JAKARTA -- Nilai tukar Rupiah terhadap Dolar Amerika Serikat (USD) bergerak sedikit menguat di akhir pekan ini, Jumat 24 Februari 2017. Rupiah dibuka di Rp 13.336 per USD atau menguat dibanding penutupan perdagangan kemarin di Rp 13.351 per USD.

Mengutip data Bloomberg, Rupiah masih sempat menguat usai pembukaan ke level Rp 13.326 per USD. Tak bertahan lama, Rupiah kembali melemah dan saat ini berada di Rp 13.333 per USD.

Sebelumnya, Gubernur Bank Indonesia Agus Martowardojo mengatakan nilai tukar Rupiah bergerak relatif stabil dengan kecenderungan menguat di tengah peningkatan ketidakpastian terkait arah kebijakan AS. Rupiah sempat mengalami tekanan pada triwulan IV-2016, secara point to point Rupiah melemah sebesar 3,13 persen menjadi Rp 13.473 per USD.

"Tekanan terhadap Rupiah antara lain berasal dari meningkatnya ketidakpastian global terkait Pilpres AS, kenaikan FFR dan meningkatnya kebutuhan USD untuk pembayaran utang luar negeri pada akhir tahun," ujar Agus di Gedung Bank Indonesia, Jakarta, seperti mengutip merdeka.com.

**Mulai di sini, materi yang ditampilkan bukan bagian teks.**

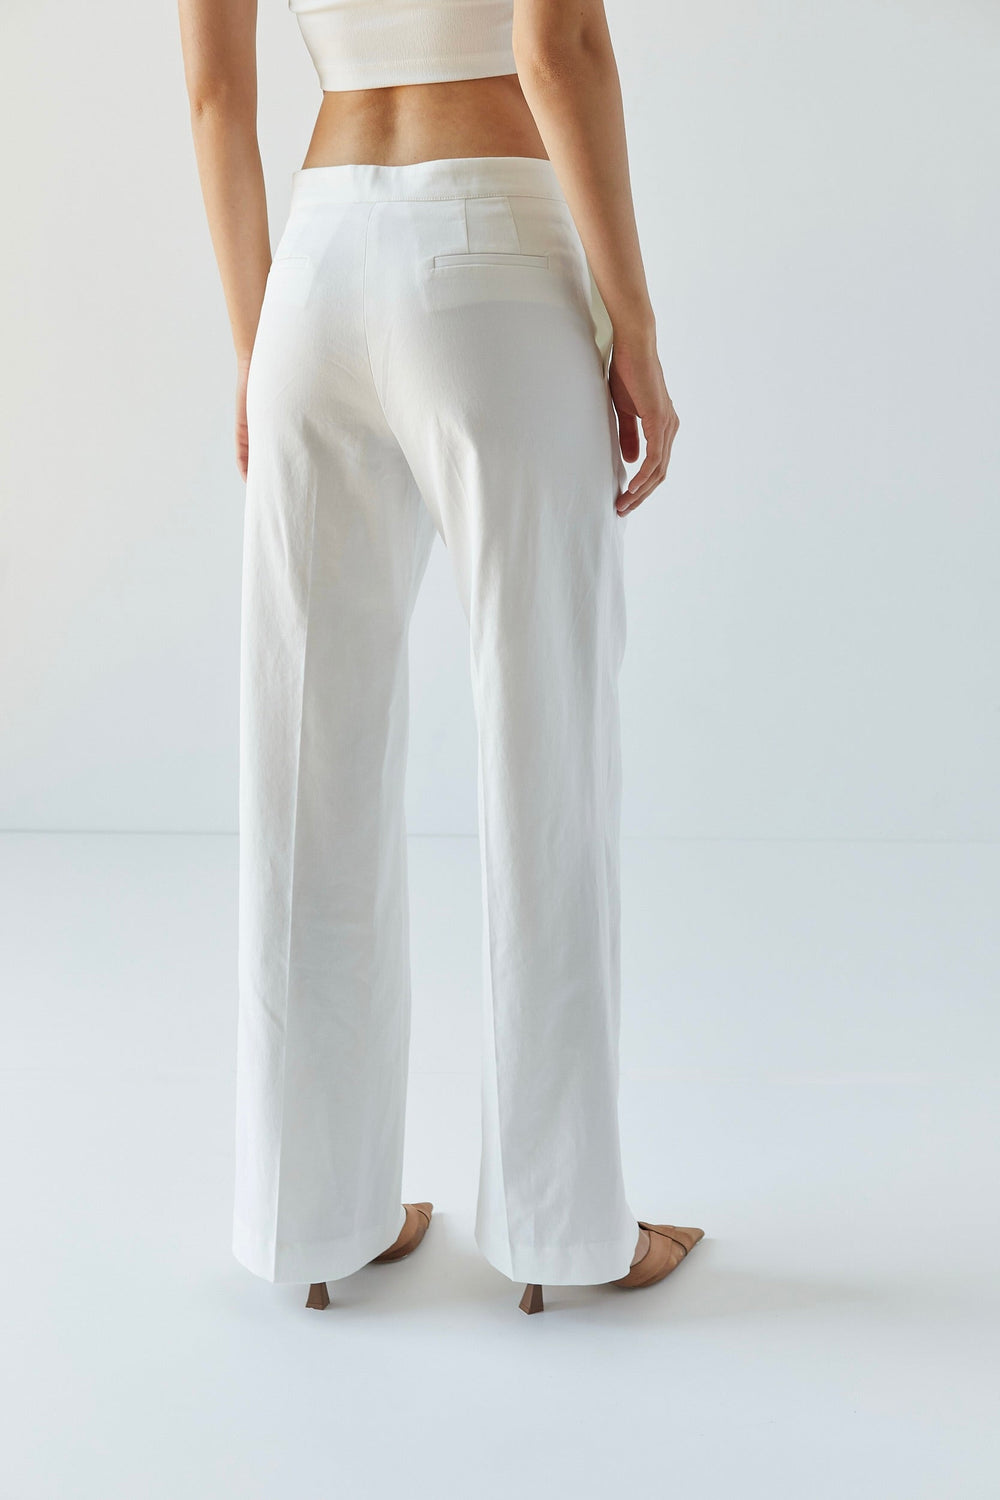 Adroit Atelier Preston Straight-Leg Stretch Trousers with Pin Tuck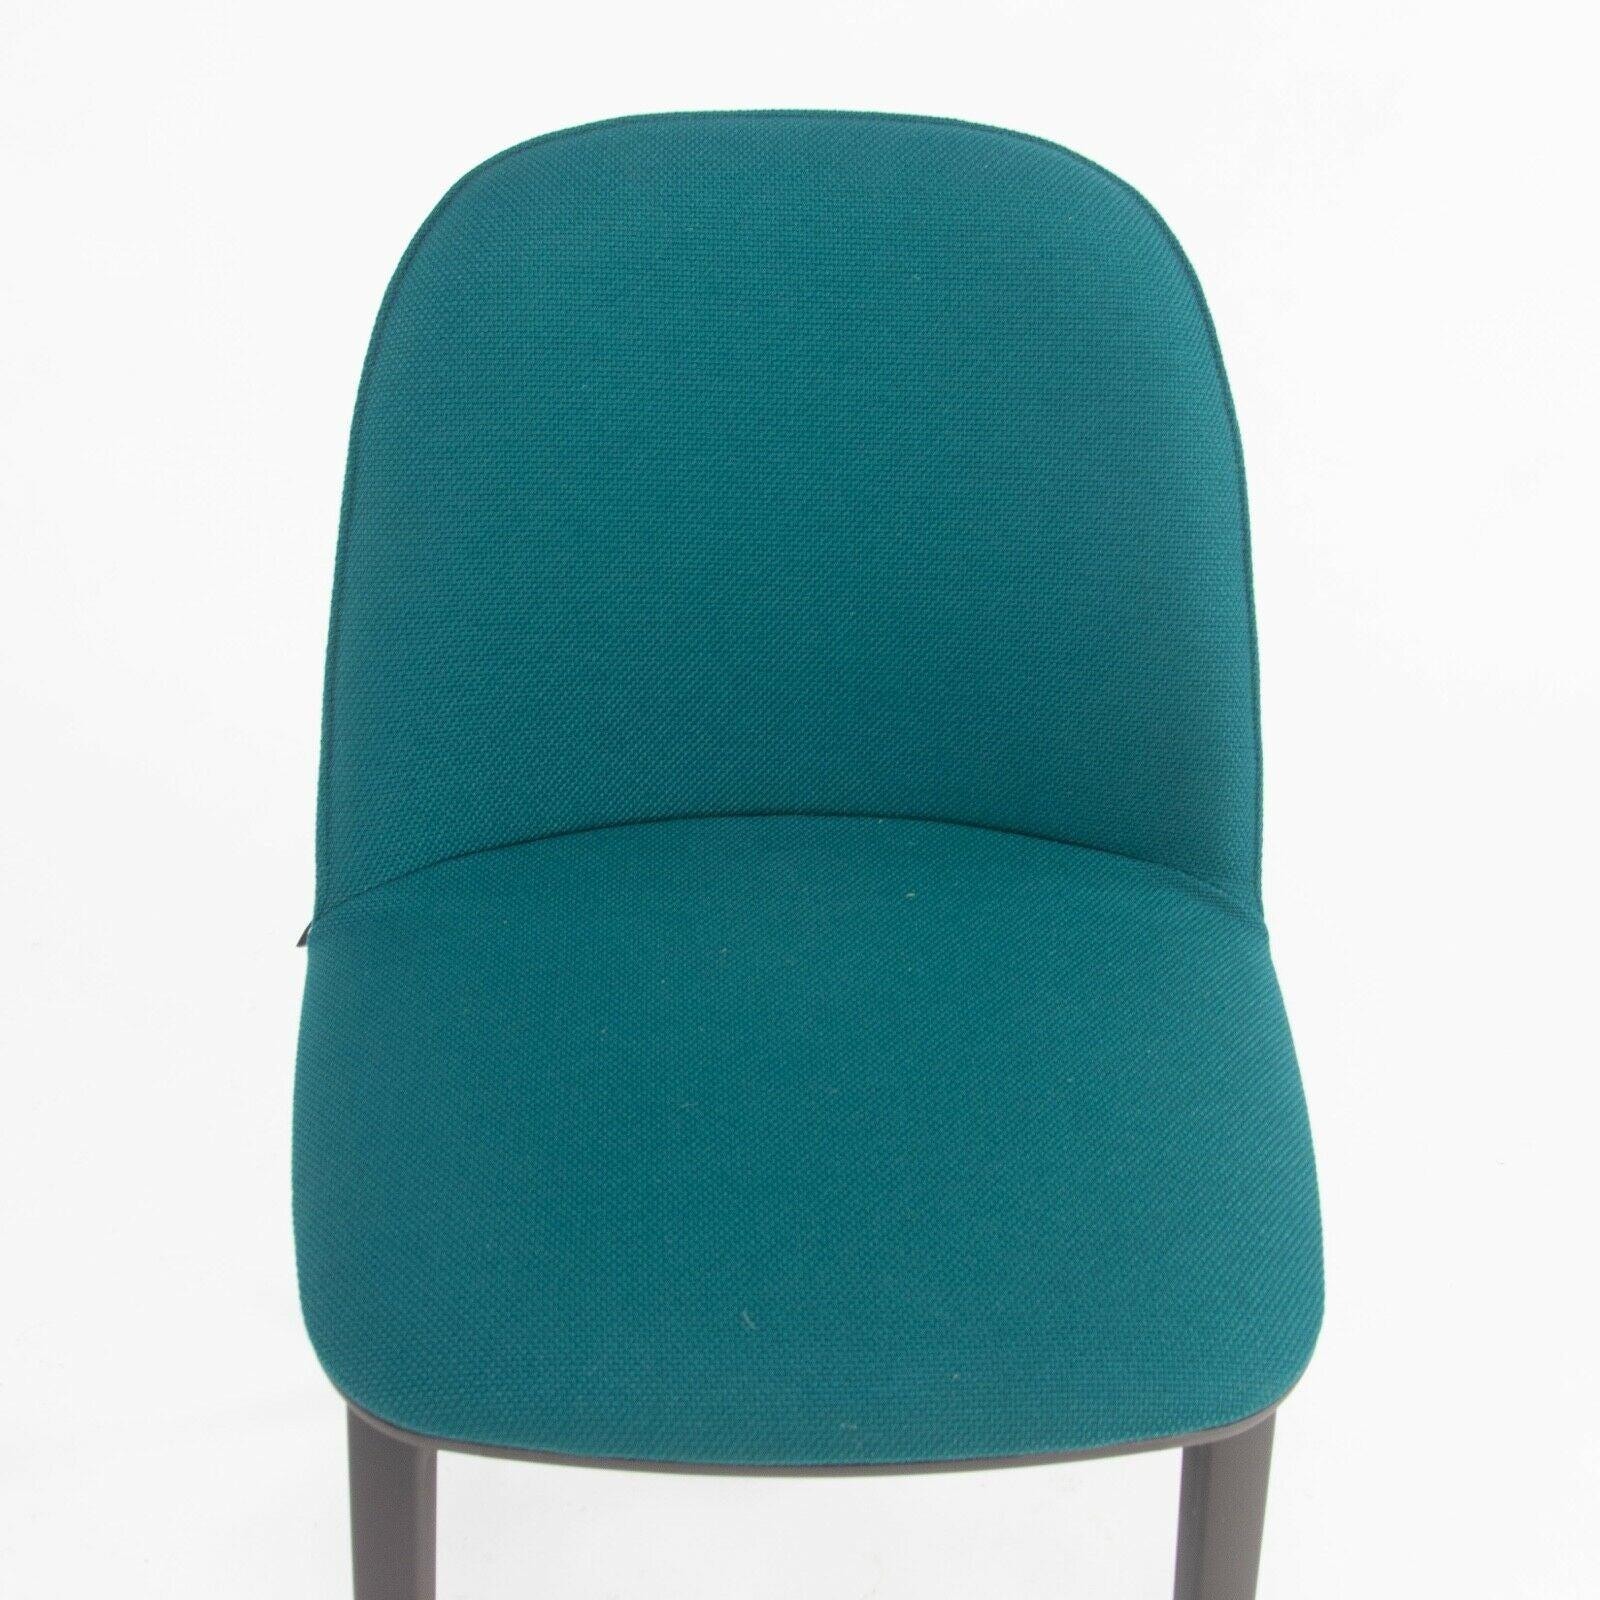 2019 Vitra Softshell Side Chair w/ Teal Blue Fabric by Ronan & Erwan Bouroullec For Sale 6

Namun demikian, Agus mengatakan Rupiah kembali menguat sebesar 0,9 persen menjadi Rp 13.352 pada Januari 2017. Penguatan ini seiring dengan aliran modal asing yang kembali masuk ditopang oleh persepsi positif investor terhadap perekonomian domestik.

"Ke depan, Bank Indonesia akan terus mewaspadai perkembangan risiko ketidakpastian keuangan global dan tetap melakukan langkah-langkah stabilisasi nilai tukar agar sesuai fundamental dengan tetap menjaga bekerjanya mekanisme pasar," katanya.